This project contains all the logic for processing filtering in EPCC. This document provides an introduction into how this conceptually works.
A problem we often have is that we have a string, and want to classify it as being valid or invalid. For instance here are some things you might care about strings:
- Does a string start with a capital letter.
- Is a string a valid email address.
- Is a string a palindrome (written the same forwards and backwards like redivider, civic, radar, level)
- Is a string a valid Java program.
There are different techniques that can be used to check the above, including writing code directly and using a regular expression. But some things are more complicated, like case #3 and #4.

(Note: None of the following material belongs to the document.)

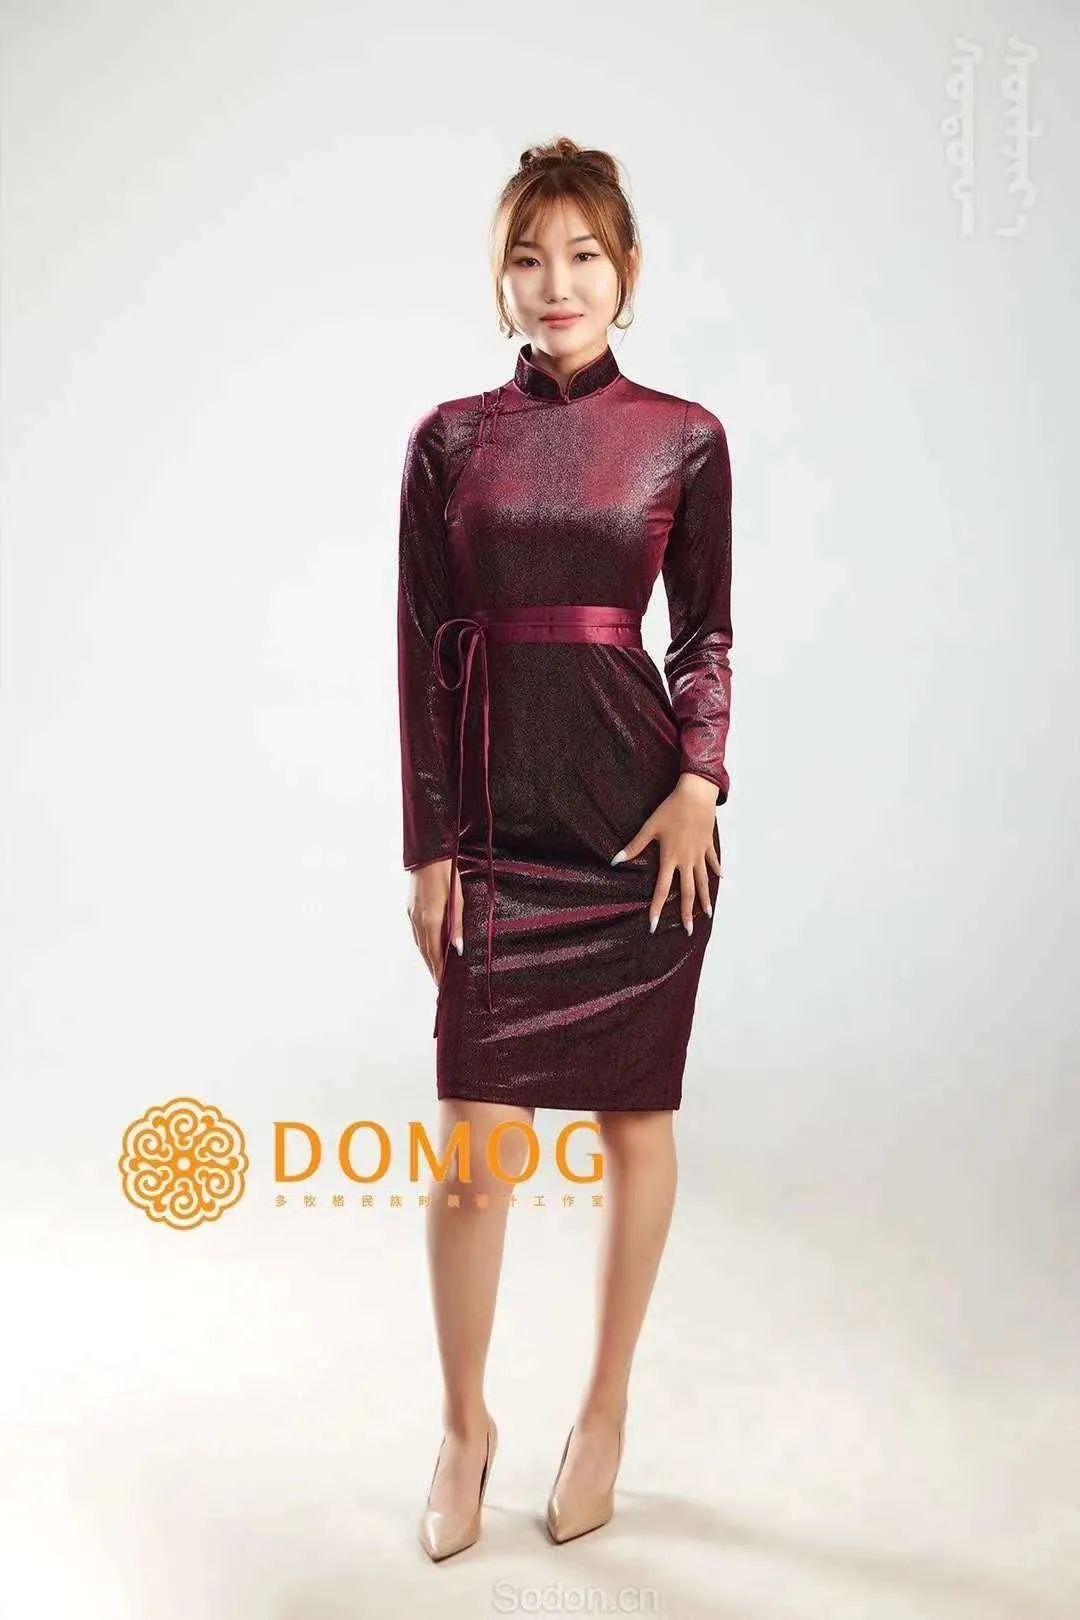 DOMOG 蒙古时装2020新款,民族与时尚的融合 第47张 DOMOG 蒙古时装2020新款,民族与时尚的融合 蒙古服饰

In the case of the last one, you would likely define a grammar which is a set of rules that say what a valid string looks like. A common technique is to proceed in two phases:
- Lexing - Converting the string into chunks of things called tokens, each token representing a some part of the string (e.g., in a java program you might have a token for each keyword). More details are in the
lexer.js
file - Parsing - Write rules for checking the output of the lexer. We use a recursive decent parser, which means that each grammar rule calls a function that checks for a match and may recursively call other functions.
The grammar that we are attempting to parse in Augmented Backus-Naur Form (https://www.rfc-editor.org/rfc/rfc5234) is the following:
(Some of the way this is structured is to make the code easier to read)
root = term *( ":" term )
term /= binary_term
term /= unary_term
term /= vararg_term
binary_term = binary_operator "(" literal "," literal ")"
unary_term = unary_operator "(" literal ")"
vararg_term = vararg_operator "(" literal "," literal *( "," literal ) ")"
binary_operator = "eq" / "like" / "gt" / "ge " / "lt" / "le" / "text"
unary_operator = "is_null"
vararg_operator = "in"
; these literal represent standard unencoded literals.
literal = 1*(ALPHA / DIGIT / "$" / "-" / "_" / "*" / "." / " " / "{" / "}" / "@" / "|")
; we treat binary, unary & vararg operators as literals in cases where people want to do something like eq(foo, ne).
literal /= binary_operator
literal /= unary_operator
literal /= vararg_operator
; 0x22 is a quotation mark
literal /= 0x22 *string_characters 0x22
; there is probably a better way to write this in ABNF involving hex like 0x01-0x21 0x23-0x5B 0x5D-0x7E
string_character = any_character but not " or \
string_character /= escape_sequence
escape_sequence = "\" 0x22
A more interested reader is encouraged to read: Domain-Specific Languages, by Fowler, the two techniques we use here are: (Regex Table Lexer p.239-244, Recursive Descent Parser p.245-255).